To demonstrate our proposed architecture, we experimented with a benchmark dataset of CXR images, one of the most frequently downloaded datasets for testing on Kaggle. Using these studies and datasets for binary classification. Python 3.7, Anaconda/3, and CUDA/10 are installed on a Windows server with an i5 CPU, 2 GB GPU, and 8 GB RAM, as well as an Anaconda/3 distribution. In addition to the parameters listed above, the Python libraries Pytorch, OpenCV, matplotlib, os, math, and NumPy are used. During training, the data is partitioned into batches, and the model's parameters are modified based on each cohort's average loss. The group size dictates the number of samples utilized during each update phase. A larger sample size can speed up the training rate but may require additional memory. CrossEntropyLoss was chosen as the experiment's loss function. During training, the model minimizes this loss function. It computes the negative log-likelihood of expected class probability and actual labels. The training algorithm modifies the parameters of the model. In an experiment, the Adam optimizer was used to alter the learning rate for each parameter based on gradient estimates of the first and second moments. Pytorch was used for the implementation, and training was conducted in a GPU environmentThe learning rate establishes how much model parameters are updated with each optimizer iteration. The multiplicative factor of the learning rate is used to modify the learning rate at each epoch or phase, enabling more granular control of the learning rate during training. The learning rate's multiplicative factor can help the model converge on a superior solution. Table 4 demonstrates the experiment's hyperparameter settings. The novelty of our work lies in the application of the Vision Transformer (ViT), specifically utilizing the DEIT_Base_Patch16_224 pre-trained weights, to the domain of medical imaging for pneumonia detection. While ViT has shown promise in various fields, its adaptation to medical imaging, especially chest X-ray analysis, is relatively unexplored. Our approach capitalizes on ViT's ability to capture intricate spatial relationships in images, offering advantages over traditional methods. We demonstrate improved performance and potential for enhanced pneumonia detection accuracy, marking a significant contribution to the field of medical image analysis.
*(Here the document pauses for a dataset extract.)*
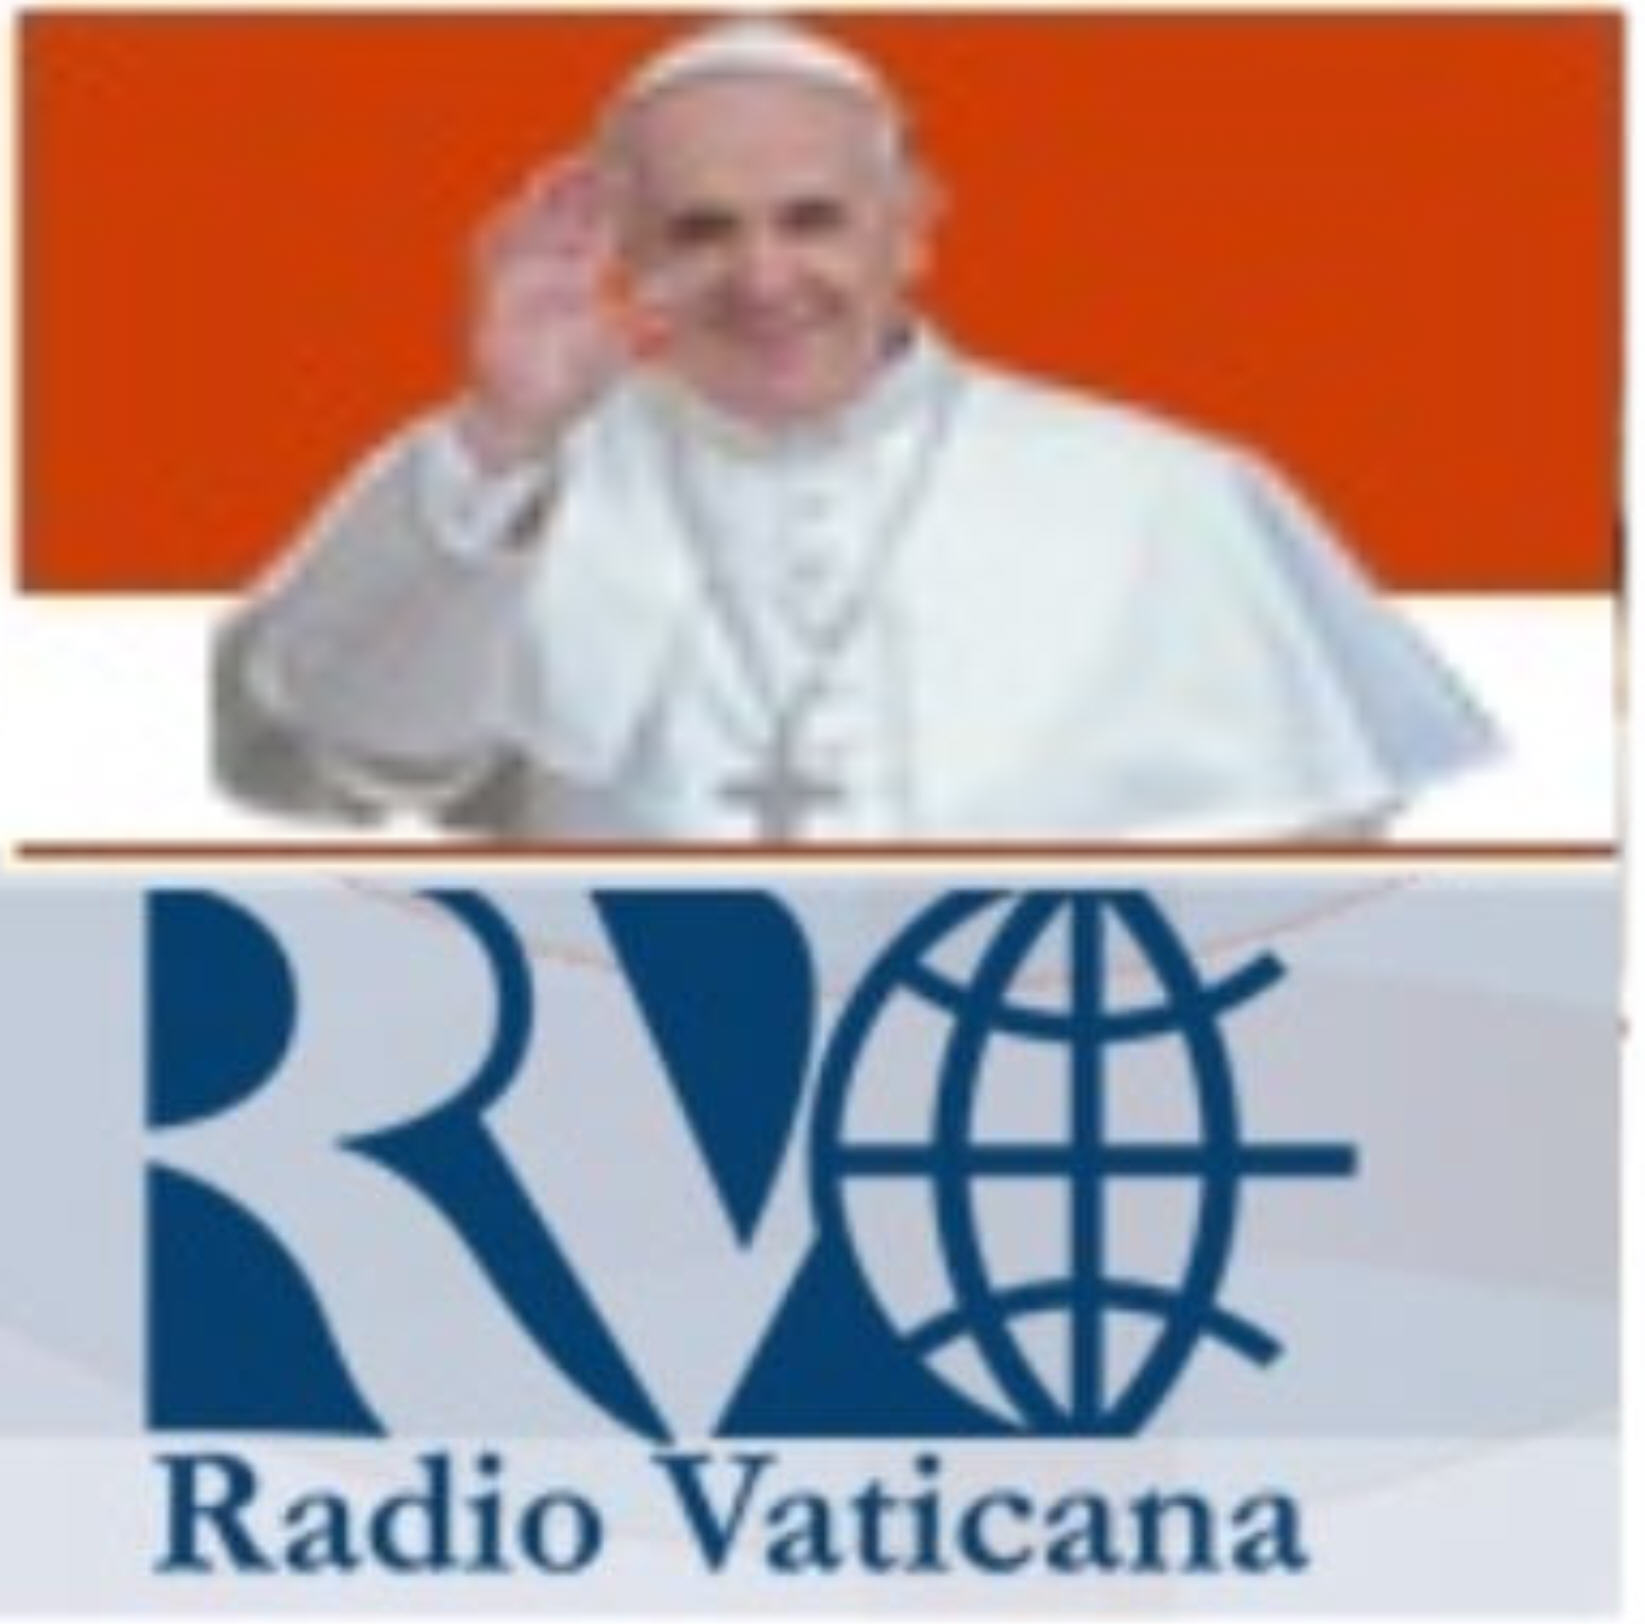 http://www.radiovaticana.de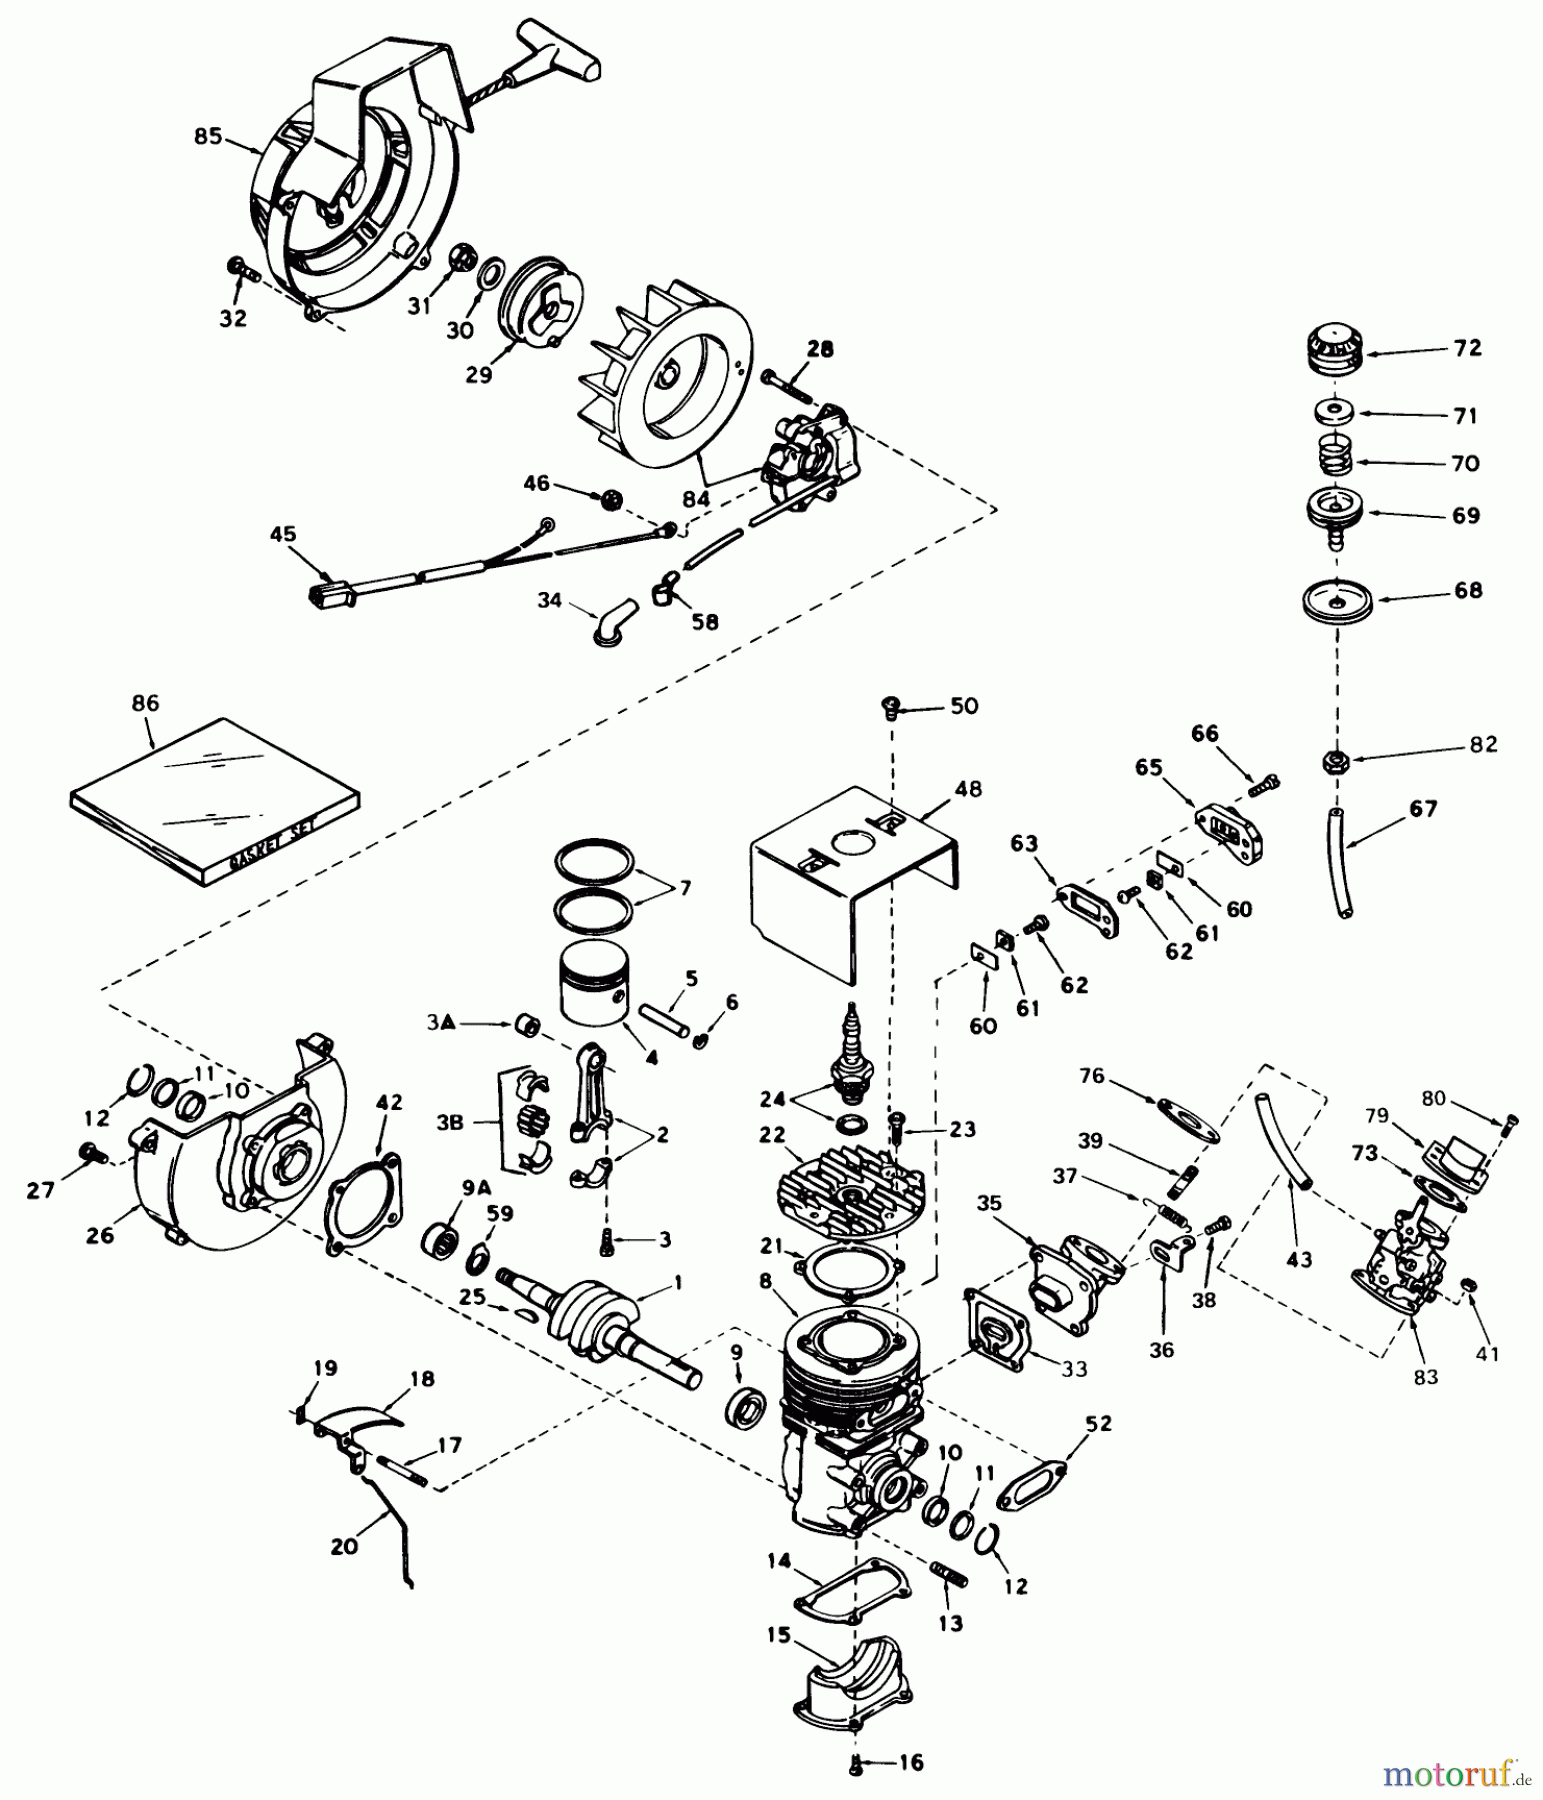  Toro Neu Snow Blowers/Snow Throwers Seite 1 31505 - Toro Snowmaster, 1975 (5000001-5999999) ENGINE ASSEMBLY ENGINE, TECUMSEH MODEL NO. AH 520 TYPE 1574

Table 4 Hyper-parameter setting used in the experiment.

Full size table

A model's performance depends on these hyperparameters and others. To enhance model performance, selecting hyperparameter values requires careful analysis and experimentation. For optimal performance, hyperparameters must be explored and fine-tuned based on task, dataset, and model architecture.

Performance evaluation

The model's train-validation accuracy against the epoch curve shows its learning and generalization. If training accuracy increases but validation accuracy plateaus or falls, it indicates overfitting. Convergence and excellent accuracy for both curves show learning and generalization efficacy. The train-validation loss versus epochs curve shows model optimization. The model initially matches data better when training and validation loss decreases. Overfitting occurs when training loss decreases with increasing validation loss. Convergence and low loss suggest error minimization and good generalization for both curves.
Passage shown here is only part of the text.